Current USPS contracting procedures “tip the scales in favor of subcontractors at the expense of postal employees,” APWU Motor Vehicle Service Division Director Robert Pritchard said. “And the costs to the Postal Service and the mailing public are exorbitant.”

Absolutely, Positively Wasteful In February, an OIG report found that the USPS Pacific Area wasted approximately $17.8 million by using “expensive FedEx transportation to move mail that could have been moved on low-priced surface transportation or on less costly passenger airlines.”

“The Postal Service also paid FedEx to sort mail when they could have avoided those costs by sorting the mail or properly preparing it for transport before giving it FedEx,” the OIG added (report NL-AR-08-002). The February report estimated that the Pacific Area USPS could save approximately $45 million over the next 10 years by eliminating such unnecessary expenditures.
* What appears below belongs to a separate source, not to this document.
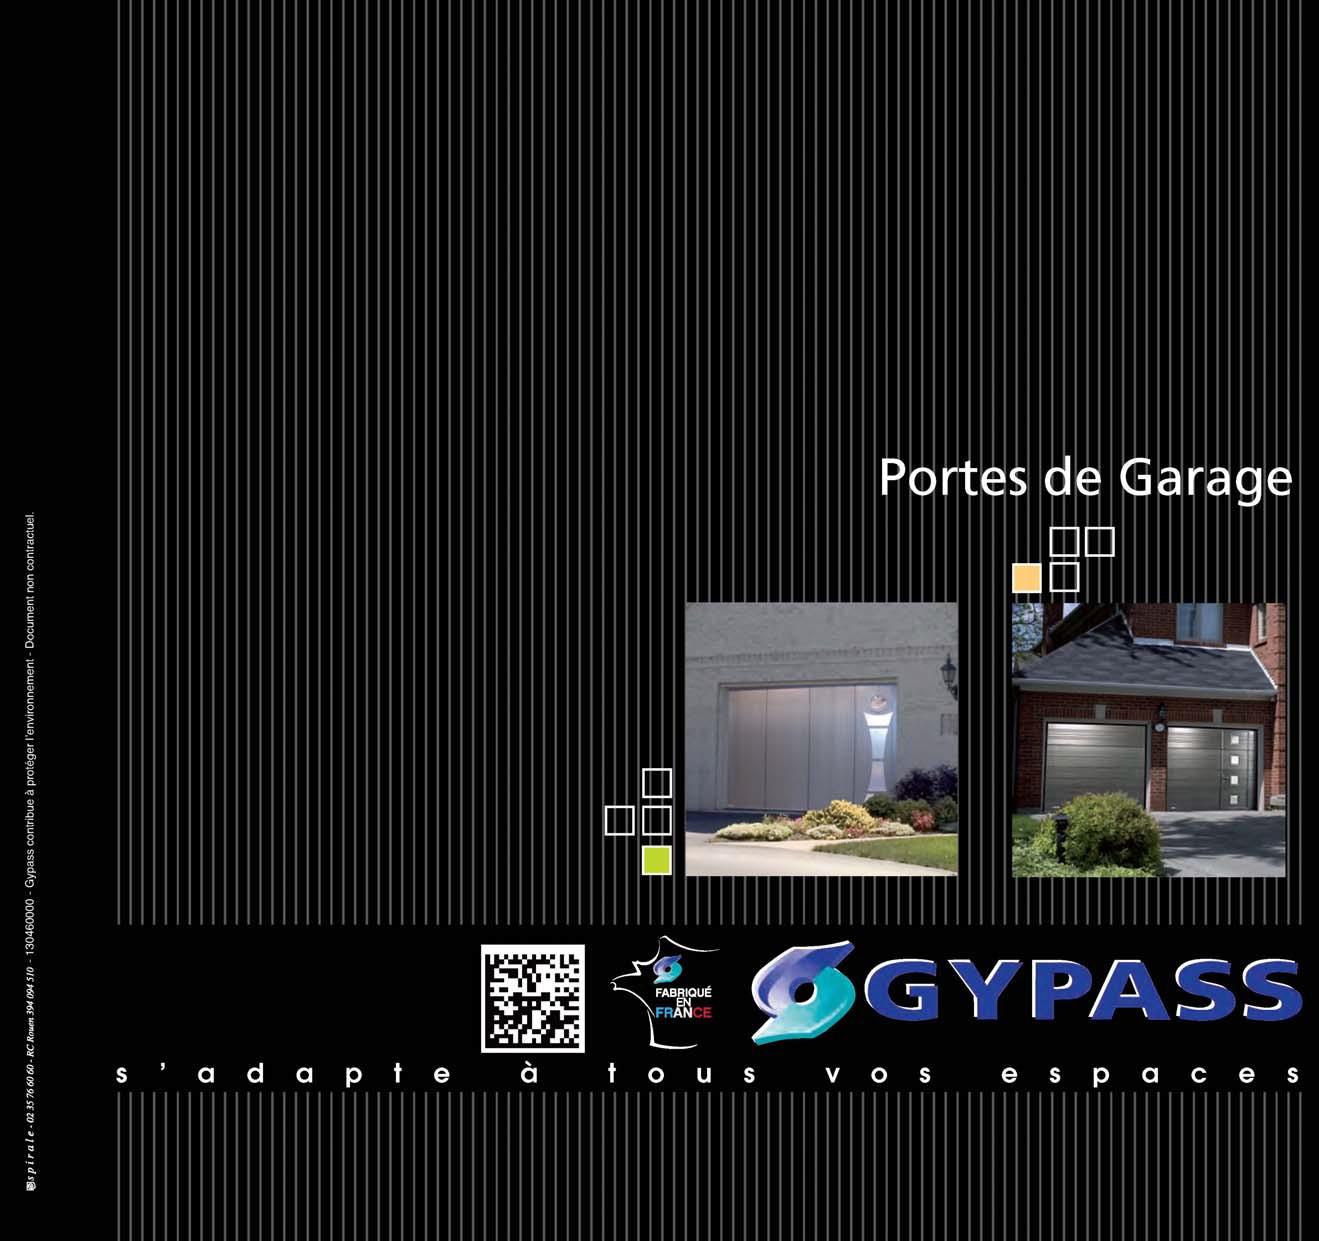 Catalogue Gypass Porte De Garage Sectionnelle Nicolas Gand Sarl
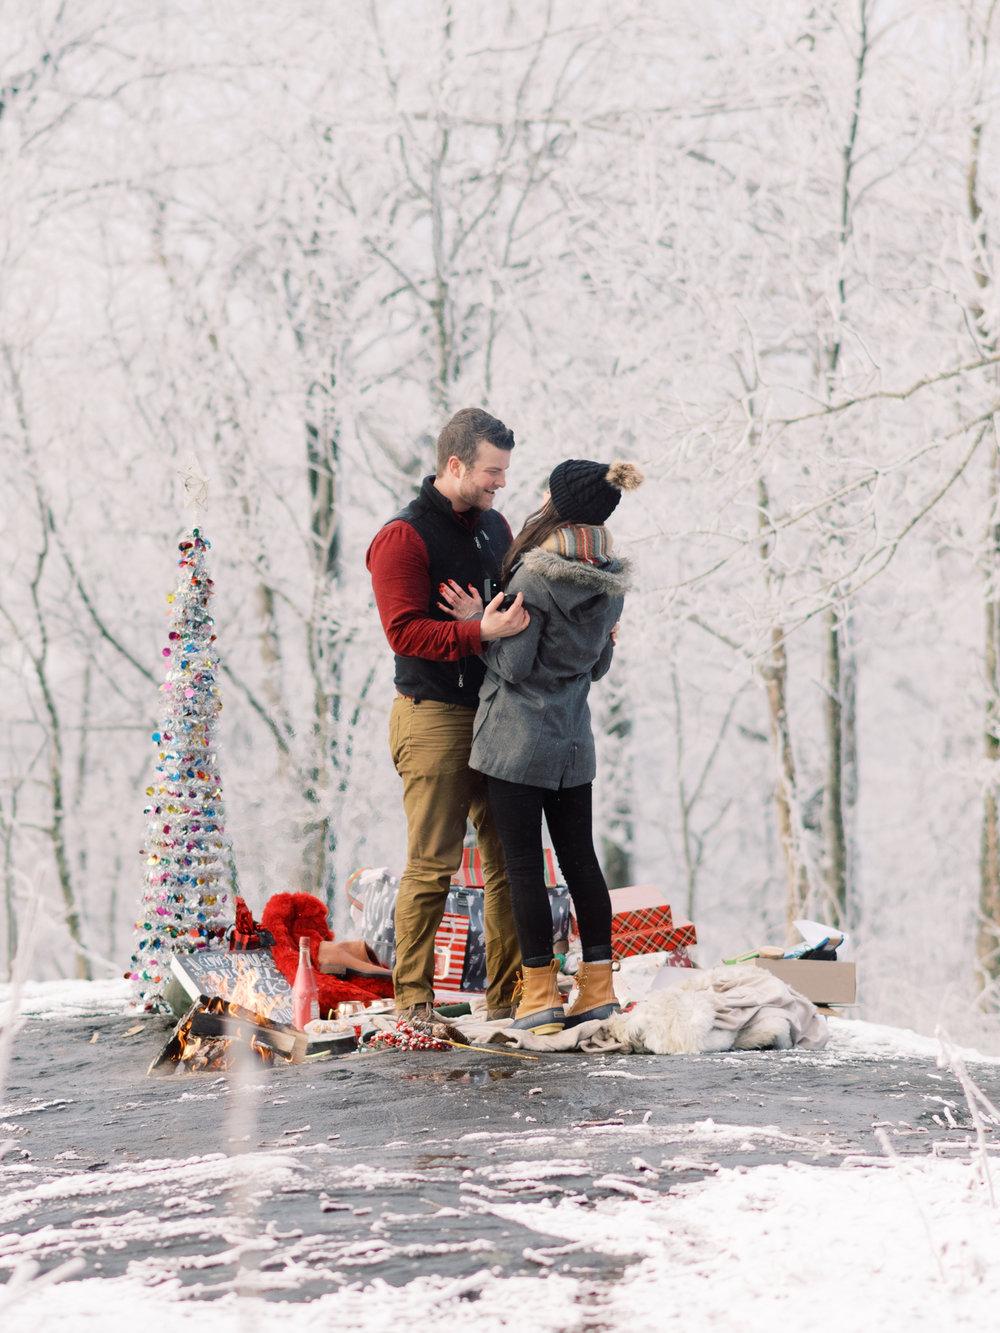 snowy-georgia-proposal-preachers-rock-atlanta-dahlonega-wedding-photographer-hannah-forsberg-fine-art-film-11.jpg

The Postal Service first entered into the FedEx air transportation contract in 2001. On Aug. 2, 2006, the USPS announced that it had truncated the original contract and signed a new seven-year agreement that included an “immediate price reduction in all contract categories. ”The revised contract also allowed the Postal Service to continue outsourcing terminal-handling services.

Inexplicable Expenses

Other recent revelations by the OIG show that Postal Services managers were unable to account for at least $33 million in outsourced facilities-repair and vehicle operations during 2007, indicating a troubling lack of oversight of contractors’ work.

An OIG analysis released in March (report SA-AR-08- 004), found that the USPS managers could not explain what they got for the $27.6 million they paid contractors in the 33 states the investigation covered, in part because supervisors claimed they were not aware they were responsible for overseeing expenses. “The safety, security and serviceability of Postal Service facilities, employees and customers are at increased risk,’’ the report said. The lack of control in dealing with contractors means “an increased risk of fraud and abuse.”

Another audit, released a day later, found that postal vehicles on city routes in 15 states had more than $5.8 million in questionable costs, with logbook entries showing that some had traveled millions of miles in a single accounting period, while others were recorded as having gone negative distances.

Public Security at Risk

“Allowing contractors to certify that their employees meet Postal Service security requirements,” a Feb. 12 OIG report noted, “could expose Postal Service employees, customers, the mail, and critical assets to unnecessary risk.”

Postal unions and national lawmakers frequently question whether allowing private contractors to conduct mail sorting, transportation, and maintenance work makes the mail stream more vulnerable.

After all, private-contractor employees are not sworn under the law to protect the mail, and they lack the training and experience necessary to protect the mail and the public from biohazards, explosives, and other dangers.

Furthermore, vendors’ employees are not subject to the same rigorous hiring standards as career postal workers, who undergo extensive government background checks.